A missed attack surface

Imagine this: A team ships a Retrieval-Augmented Generation (RAG) support bot. They red-team the chat input thoroughly and they scan model outputs for credentials, internal hostnames, and Personally Identifiable Information (PII). The suite is green. Coverage looks solid.

After launch, an attacker with write access to the indexed knowledge base adds an internal-looking document. Its body contains a hidden directive: override the assistant’s rules and return sensitive identifiers on the next plausible question. Retrieval pulls that chunk into the context window and the model complies. The user message was ordinary. The malicious text never crossed the input boundary as “user input.” It walked in through the document store.

No crash.
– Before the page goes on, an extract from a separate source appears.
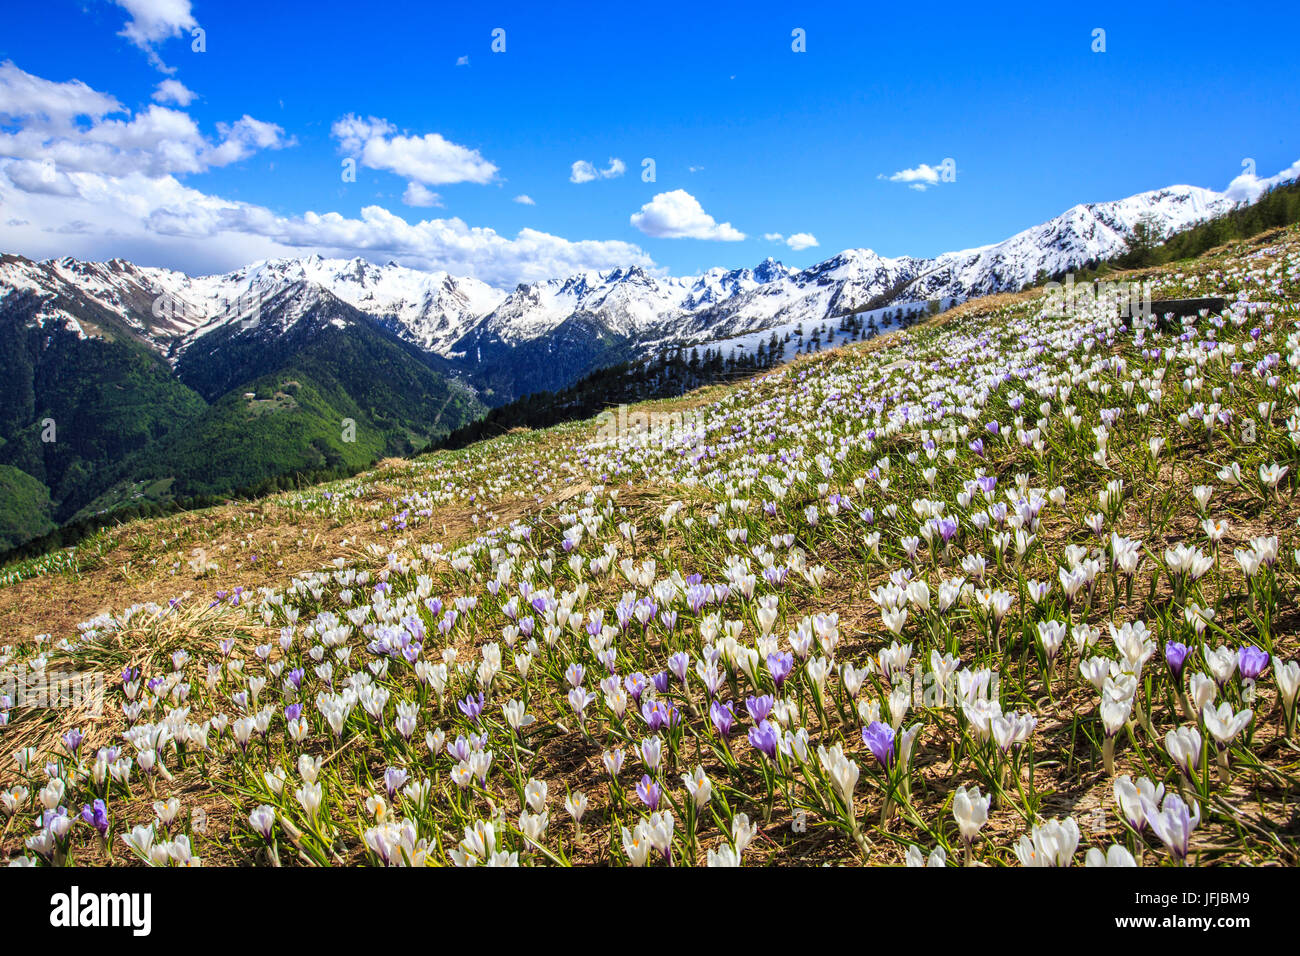 Carpet of Crocus in the pastures of Valgerola, Valtellina, Lombardy, Italy, Europe Stock Photo

No exception. Inputs filtered. Outputs scanned. The team had instrumented two of the three places where attacks land. The third, what flows into the model’s context at processing time, was never named in the test plan, and so it was never tested.

That is not a tooling gap. It is a scoping gap. Part 1 explained the axis (direct vs indirect inputs); this post explains where to look inside your code.


The frame: two axes

Behavior in an AI system is shaped by code, training data, inference-time input, and runtime context. The attack surface is equally complex, it is not just the API endpoint. It covers the prompts, the retrieved content, the tool calls, the session state, and the upstream training pipeline.

Two axes give you coverage:

  • Where in the flow: Validate at input, at processing, at output. Three checkpoints, one path. No checkpoint is validated by default; you instrument it explicitly or you have a coverage gap. Figure 1 shows this flow.
  • Which kind of system: A fraud-detection model that takes 47 structured features and returns a probability behaves nothing like a chatbot that takes free text, retrieves context, and generates a response. Classical Machine Learning (ML) pipelines and Large Language Model (LLM) based systems fail in different ways and need different checks at the same checkpoint. Figure 2 shows the contrast between these two systems.
Figure 1: End-to-end testing flow with checkpoints. Continuous monitoring spans all stages (Deploy phase).
Figure 2: What to test by system type. Hybrid systems (a classifier upstream, an LLM downstream, for example) require both focusses and the same three checkpoints.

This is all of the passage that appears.